The seemingly endless clashes between Fulani herdsmen and farmers in Benue, Taraba, Plateau and other states in Nigeria, which have claimed thousands of lives and the destruction of millions of dollars worth of property have remained a great source of concern and many feel that the president has not intervened effectively enough.
However, despite the current hue and cry against the APC, many believe the PDP as presently constituted is a shadow of its former self and cannot mount a credible challenge against the ruling party. To do so it would have to re-brand itself completely. Many believe that the re-emerging Social Democratic Party (SDP), created during Babangida’s days as military ruler, poses a bigger threat to the APC.

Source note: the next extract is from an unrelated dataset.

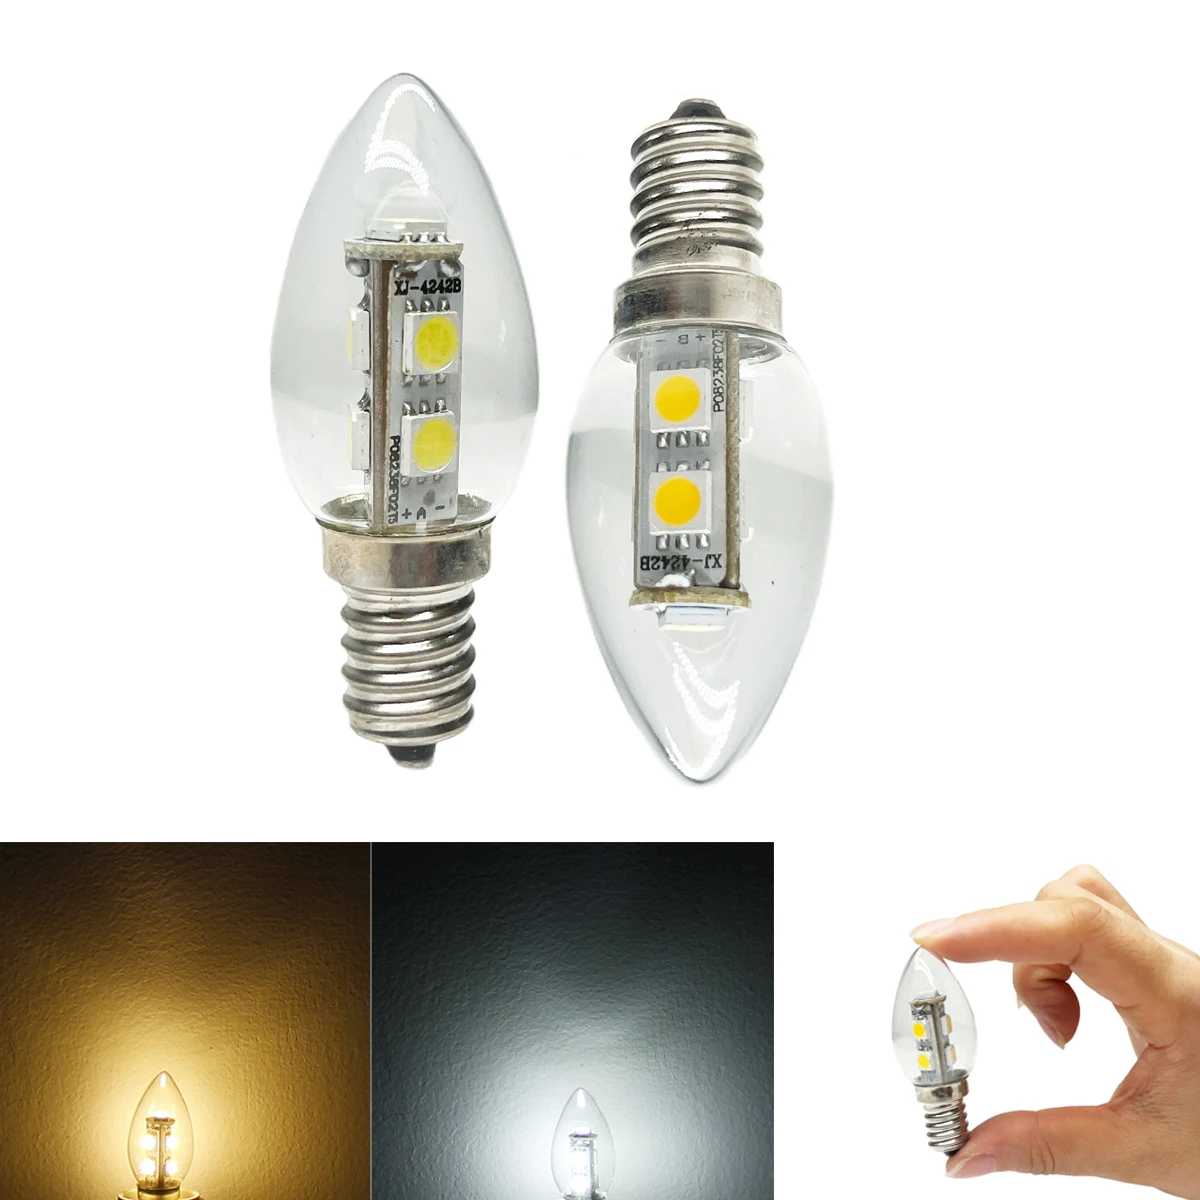 E12 LED Candelabra Candle Light Bulb 1W 5050 SMD Glass Shell Cold Warm White 15W Halogen Lamp Replacement For Chandelier Decor c25 e14 e12 led candelabra candle cob filament light bulbs 2w glass shell cold warm white ac 110v 220v lamps for chandelier

There is speculation in some quarters that Ohanaeze Ndigbo, the main Igbo political grouping, is planning to throw its support behind the president so that he can complete his second tenure. Under Nigeria’s zoning arrangements, the 2023 president should hail from the south, thus paving the way for an Igbo presidency. But the notion was flatly dismissed by Sylvan Ebigwei, a prominent member of Ohanaeze.
“That is not true and cannot be true,” he said. “I can authoritatively tell you that there is no such plan by Ohanaeze.”
Charles Anike, the head of the Eastern Union, was also dismissive, saying that Buhari did not deserve Igbo backing. “No reasonable political leader from the southeast who has the collective interest of the people at heart will support the current government to return in 2019. We cannot support Buhari because he does not have the interest of the Igbo at heart.”
He added: “In fact, there is non-performance in virtually every aspect of governance, no respect for the constitution he swore to protect, and insecurity. My organisation is already mobilising against him. We are holding conferences where we sensitise people to ensure they register and vote out this government in 2019.”
The winner of the next election is due to be inaugurated in May 2019. It is early days yet and anything can happen between now and the ballot box, but expect there to be the usual jockeying for position by those with their eye firmly on the prize.